→ **YOUR GOAL**
Repeat the lines of the data exactly and exclude any picture among them.

→ **DATA PROVIDED**
=== Section Start ===
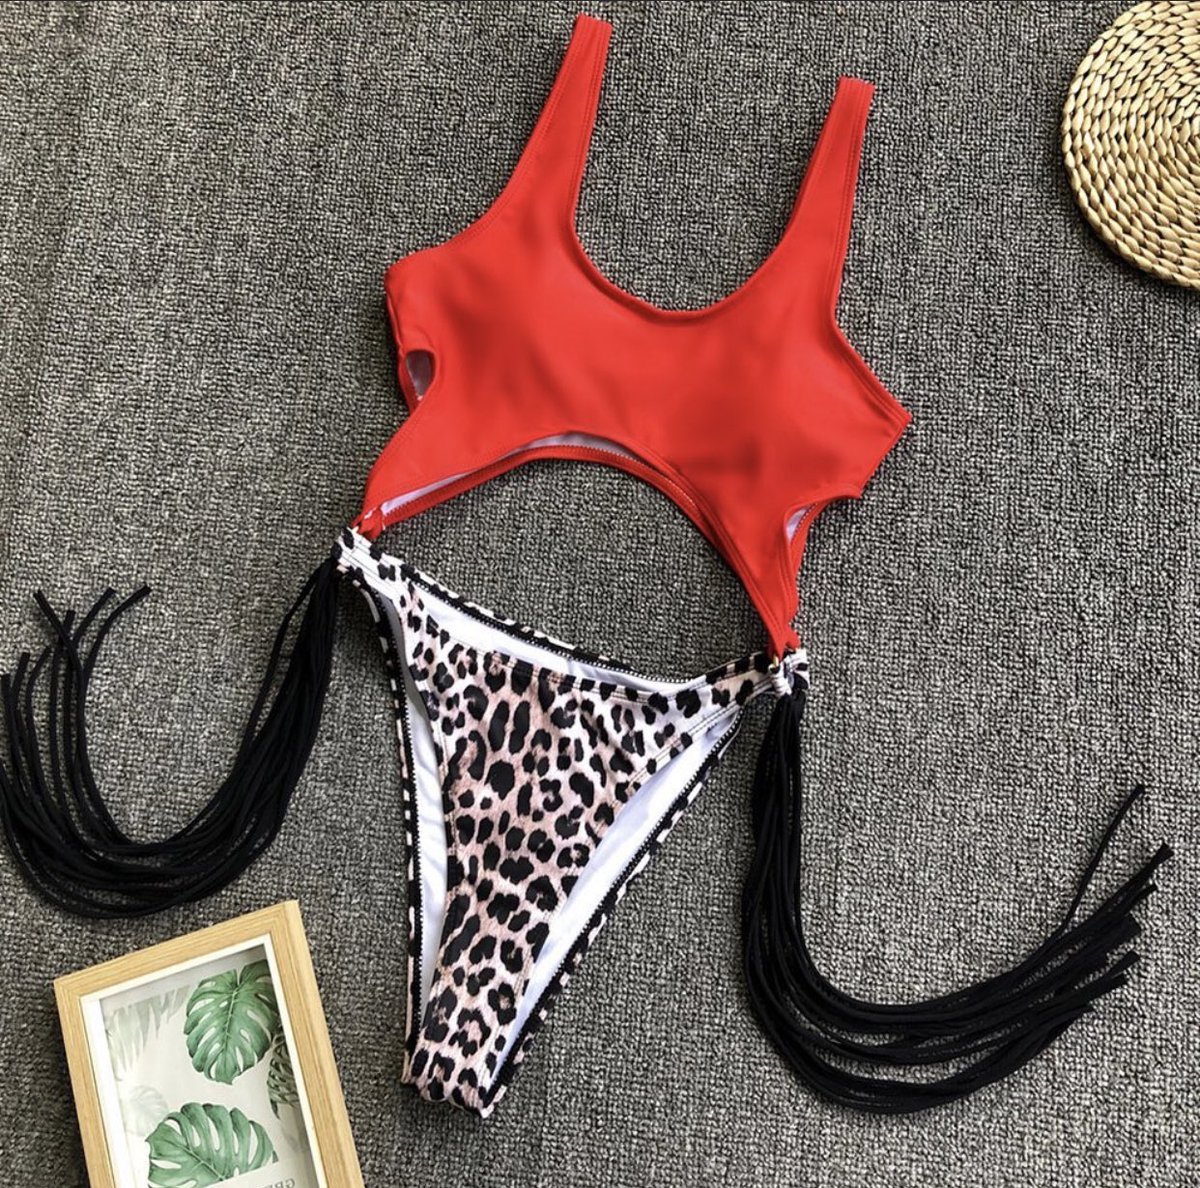 Are you dipped in Hunny? 
Get the look :  Worth the Wild at Hunny Kouture

Follow us on FB & IG : @hunnykouture 👙🍯 #swimwear #swimsuitseason #summertimefine #bold #bright #colorfulswimwear  #swimwear #HunnyKouture #bikinijunkie #trendy #sexy #summervibes #beachvi
=== Section End ===
→ **EXERCISE OUTPUT**
 Are you dipped in Hunny? 
Get the look :  Worth the Wild at Hunny Kouture

Follow us on FB & IG : @hunnykouture 👙🍯 #swimwear #swimsuitseason #summertimefine #bold #bright #colorfulswimwear  #swimwear #HunnyKouture #bikinijunkie #trendy #sexy #summervibes #beachvi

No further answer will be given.